Отказаться было бы невежливо. Я смотрела, как она ставит на плитку чайник, такая спокойная, светлая. Интересуется, что я предпочту: конфеты или печенье. Ставит чашки на маленький столик. И все пыталась понять — было там что-то в кабинете, или не было? А если было, то как же она вот так — спокойно, светло, без эмоций? Чаем меня угощает.

Инга чуть наклонилась, наливая мне чай, и волосы скользнули с ее плеча, открывая шею.

Был там укус. Два укуса.

— Тебя это пугает? — спокойно спросила она, заметив мой взгляд.

— Да, — сглотнула я. И, не выдержав, уточнила: — Они же берут… не только кровь?

— Только кровь они не берут никогда, — спокойно подтвердила Инга. — Как и одну только плоть. Не верь тому, кто скажет обратное. Для них это физиологически невозможно. Теряют контроль, не могут сдерживаться. Вампиров надо принимать такими, какие они есть, это главное, чему научила меня эта работа.

— Но как ты можешь так спокойно… принимать их? Это же… отвратительно!

— Да, с человеческой моралью не совпадает, — Инга чуть пожала плечами и улыбнулась. — Но им на двоих две тысячи лет, их уже не переделать. Надо просто любить.

— Что?

— Просто любить кого-то больше, чем саму себя, — очень серьезно сказала мне Инга, глядя на меня своими ясными серыми глазами, — больше всех норм и запретов, и всего, чему учили тебя в детстве. И тогда ты все сможешь. И сделаешь так, как надо любимому. И это будет для тебя столь же просто и легко, как и для него. И с ним тебе всегда будет просто и легко.

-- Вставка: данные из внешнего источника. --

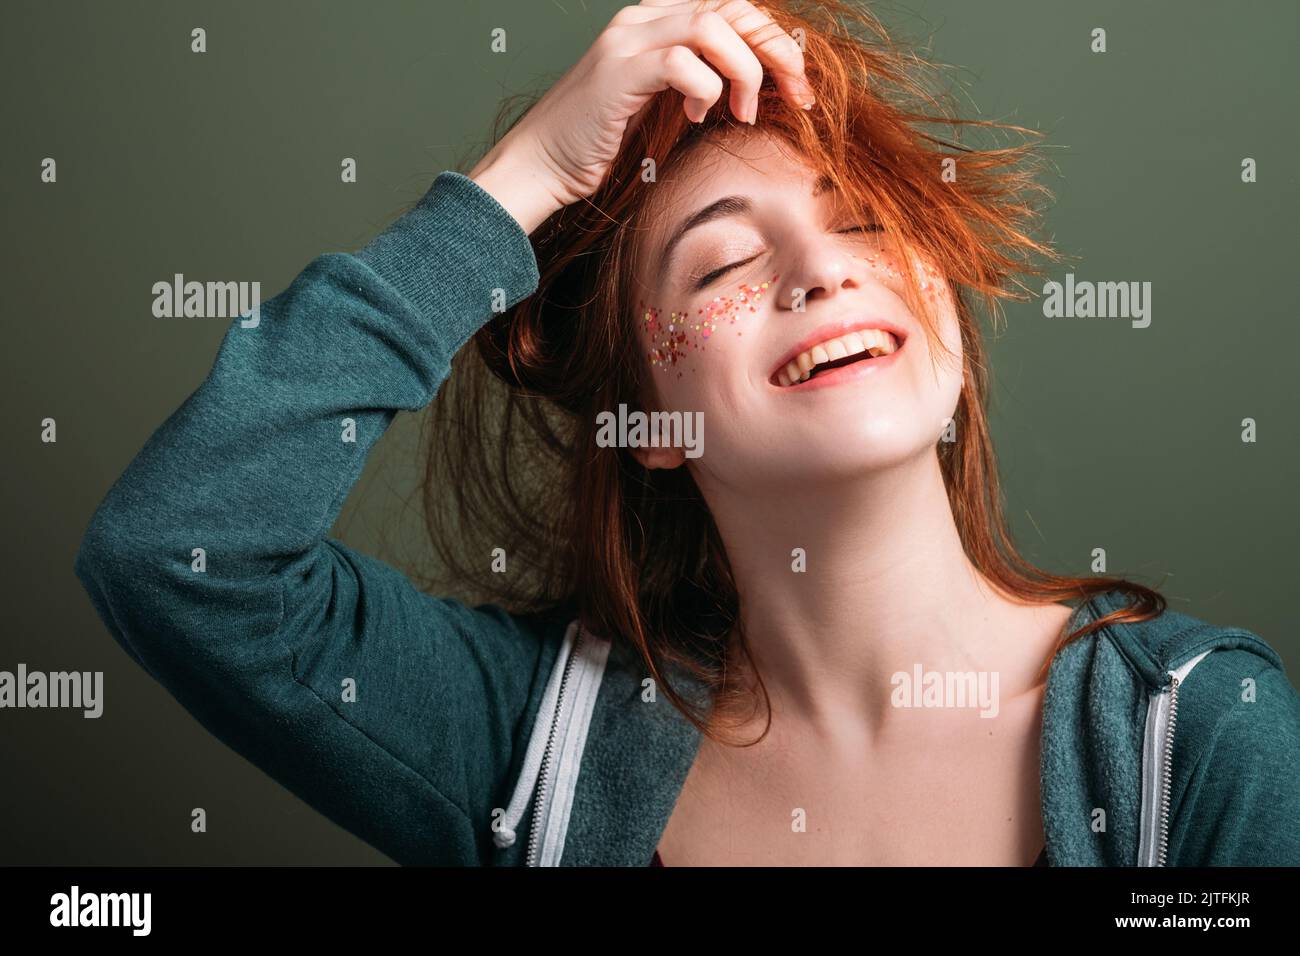 mujer joven linda diversión felicidad peinado Foto de stock

— Но это… это не правильно! Раствориться в другом и потерять саму себя? Я так не хочу! — возмутилась я. — Я тоже личность! Я человек, и у меня свои представления о нормах и морали! У меня свои желания, в конце концов! И я хочу, чтоб и со мной тоже считались!

— Тогда он тебя сломает, — пожала плечами Инга. — Ты человек, да. Но он вампир. И он не станет считаться. Не умеет считаться, — поправилась она. — Он может быть благодарным. И он всегда будет очень щедр в своей благодарности. Но считаться с мнением, которое не совпадает с его, он физически не способен. Просто нет в мозгу такой извилины. И ты ее там не прочертишь.

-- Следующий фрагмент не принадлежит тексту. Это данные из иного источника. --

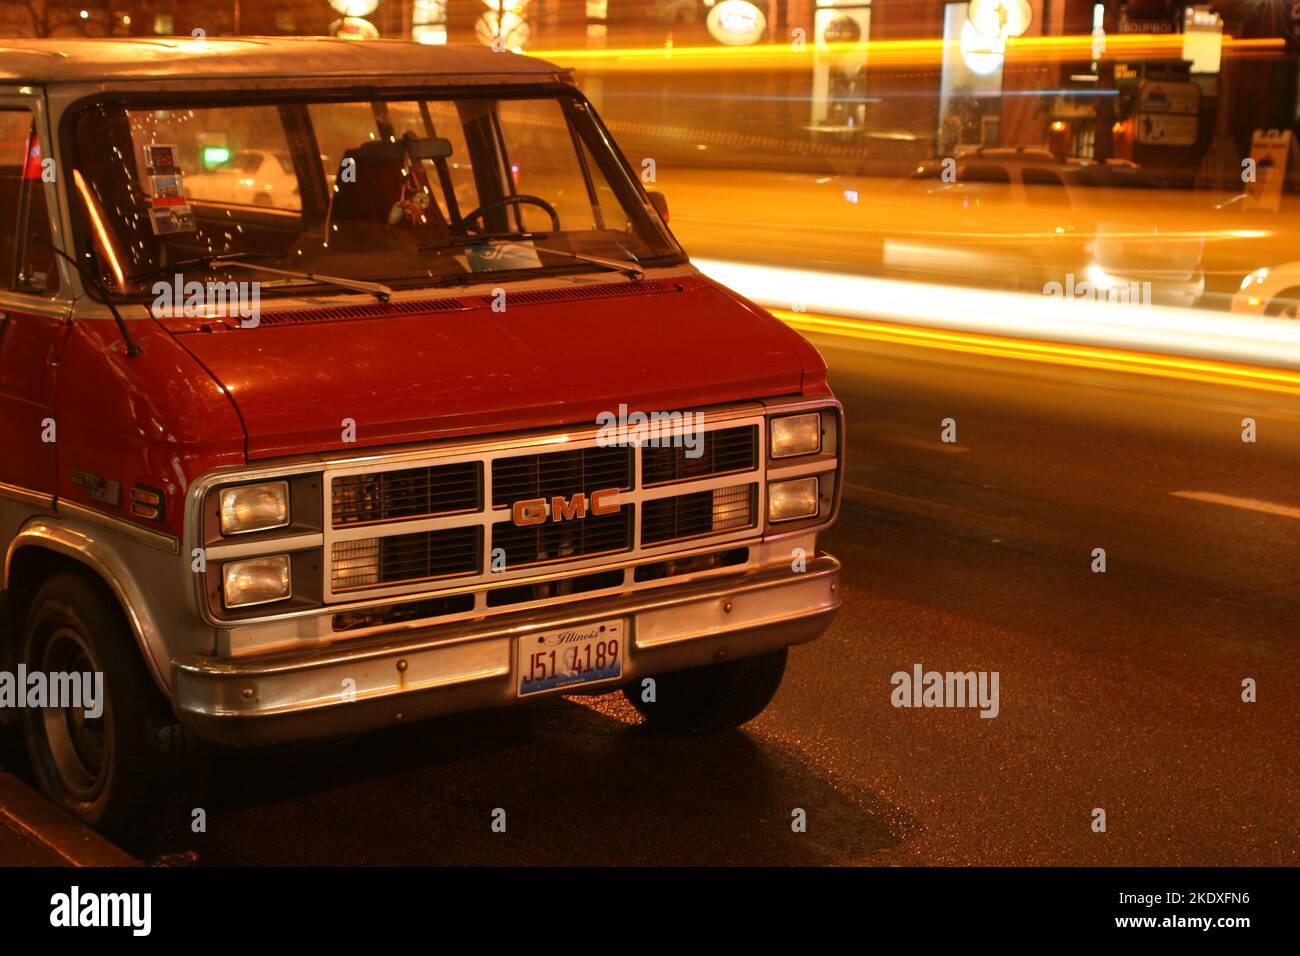 Red Dodge Van in Chicago Stock Photo

— Зачем ты говоришь мне все это?

— Затем, что я ухожу. А ты остаешься. И он уже решил, в каком качестве. Не хочу, чтоб ты повторяла мои ошибки. Возможно, если б мне когда-то сказали то, что я говорю тебе, мне было бы легче. Хотя — не знаю, сумела бы я услышать. Я была так наивна тогда. И так влюблена. Я бы не поверила, что белое может быть черным. Тебе проще, ты знаешь, что оно черное.

— Не уверена, что от этого мне проще.

Я пила чай, заедала печеньем, и не чувствовала вкуса. Я смотрела на Ингу, такую спокойную и улыбчивую, и вспоминала, как позавидовала ей в Майский День. Как захотела стать ей, заменить ее. Похоже, случилось самое ужасное, что только могло случиться: мое желание исполнилось.

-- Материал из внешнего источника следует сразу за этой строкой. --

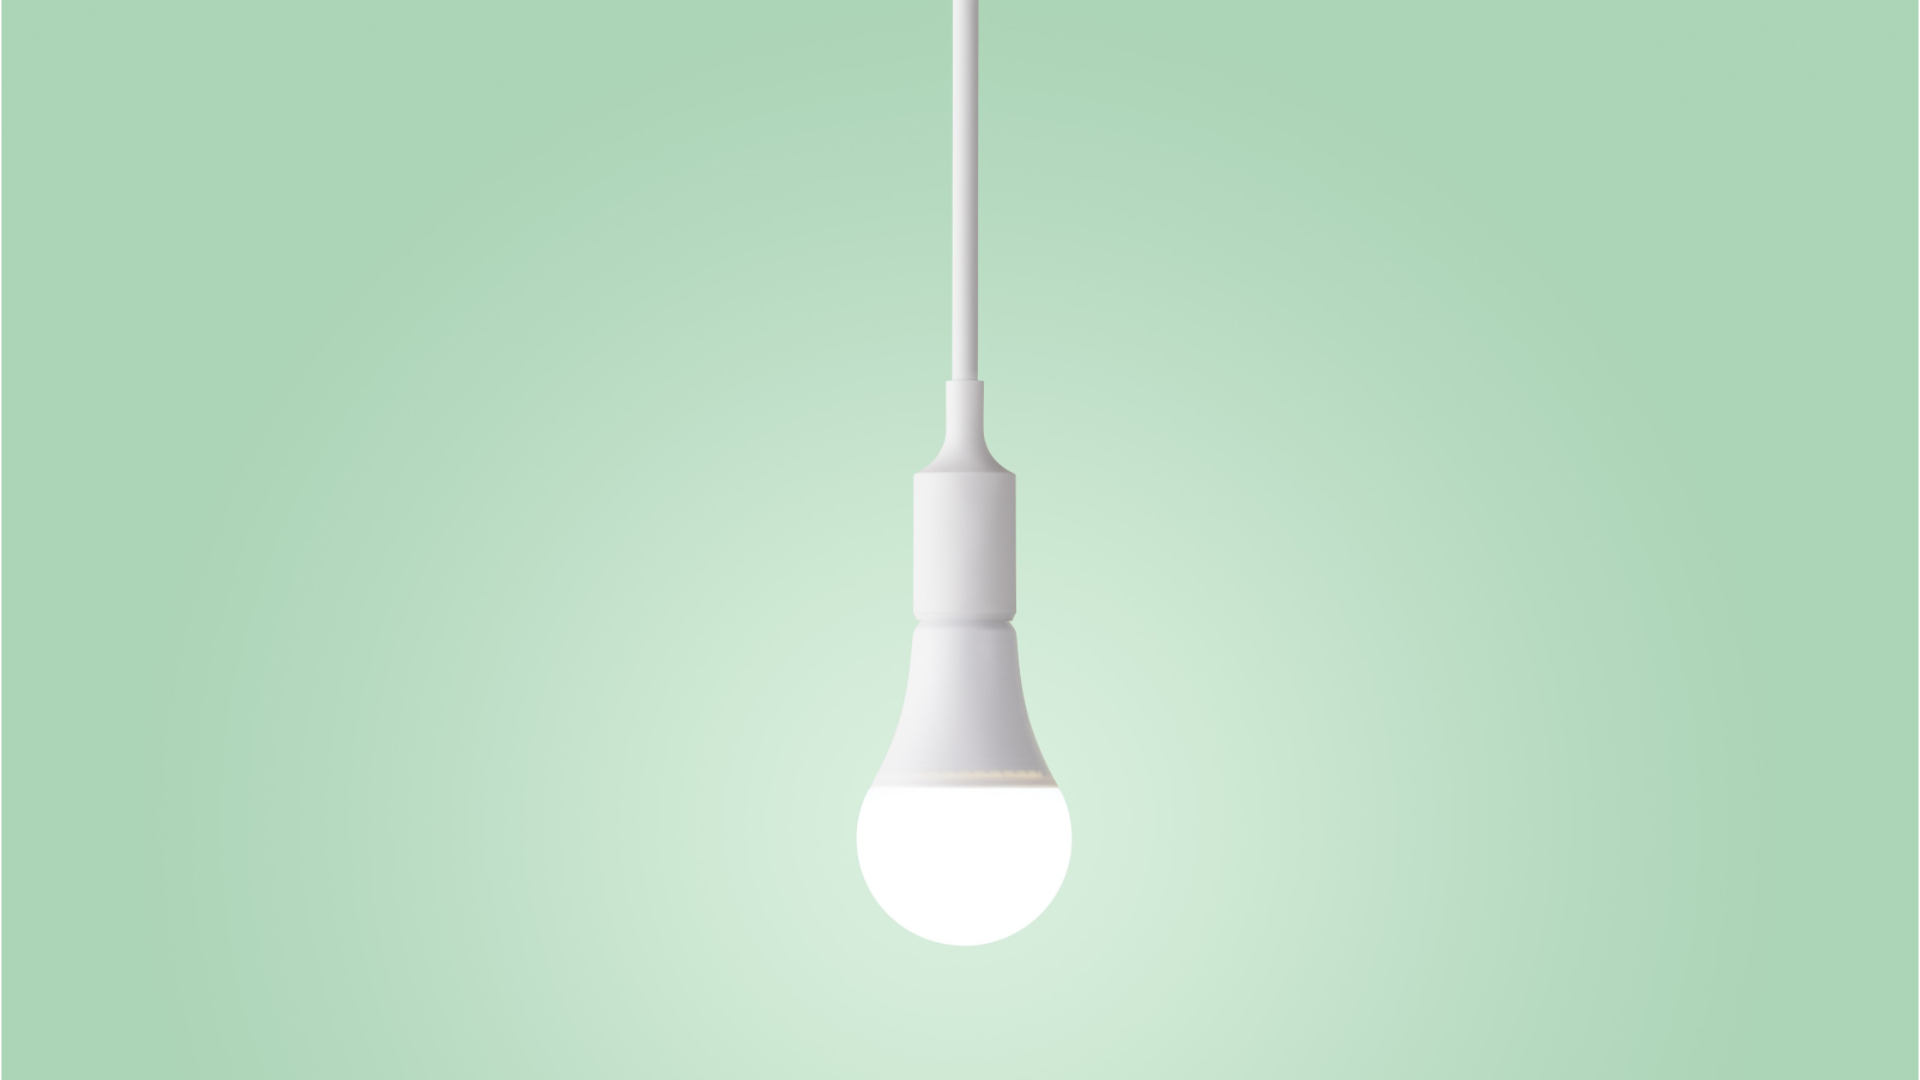 Trop gourmandes en électricité, les ampoules halogènes vont

Вот только я оказалась к этому чудовищно не готова…

* * *

Дома названивал телефон. Трубку брать не хотелось. И так понятно: это мама. Или папа. Скрыть тот факт, что меня вызывают на Совет, я не смогла. Да и как тут скроешь. Сказать, что я проходила все дни до Совета в депрессии, это все равно, что смолчать. Меня просто выворачивало в ожидании неминуемого. Родители поддерживали, как могли, но и сами, понятно, переживали. И от переживаний наговорили мне немало весьма нелестного. И даже правы были, кто ж спорит. Да вот только правота мне их была в тот момент…

И теперь кому-то из них так не терпелось узнать новости. Ну вот выгнали меня. Или пожалели. Что изменится? Почему я должна сообщать об этом прямо сейчас? Они за меня переживают! Здорово! Я польщена! Супер! Но когда мне и самой так плохо, почему я должна немедленно кого-то информировать, утешать… ой, нет, блин, радовать! Если это мамочка (а это ведь она), то радовать и выслушивать восторженные рассуждения на тему «как мне (и ей) повезло!»

Какое-то время смотрела на трезвонящий телефон, потом наклонилась, и выдернула провод из розетки. Я вас вечером всех порадую, ладно?

Улеглась в кровать, накрылась с головой одеялом. Я так устала за этот безумный день, что ноги не держали. Но и сон ведь не шел. Все лежала в душной темноте, и картины произошедшего крутились перед глазами. Он взял меня себе. Все-таки взял. Нет, я не подписывала его дурацкий контракт, но я написала заявление о приеме на работу. И теперь я (сбылась мечта идиотки) — его девочка. И что теперь? Меня бросят на стол и… Мне ж не вырваться. Не сбежать, не закричать. И в суд на него не подать, хоть с контрактом, хоть без. Бросить универ? Сбежать, уехать? Ну, не будет у меня высшего образования, так что? Что, те, кто без высшего образования, хуже живут? Счастья в жизни не видят? Ну и что, что все знакомые, родители, родственники институты заканчивали. Найдутся другие знакомые, не хуже.

Вот только… Я вытянула из волос его дурацкую заколку. Так ведь и ношу. Вот и сегодня надела. Ни на что не надеясь, как талисман, на удачу. Ну а что? Я ж хотела, чтоб из универа не выгнали. Не выгнали. Стиснула в руках холодный цилиндр, со вздохом прижала к груди. Холодный. Красивый. И блестят золотистыми лучиками замысловатые узоры. А черная нить все тянется, тянется…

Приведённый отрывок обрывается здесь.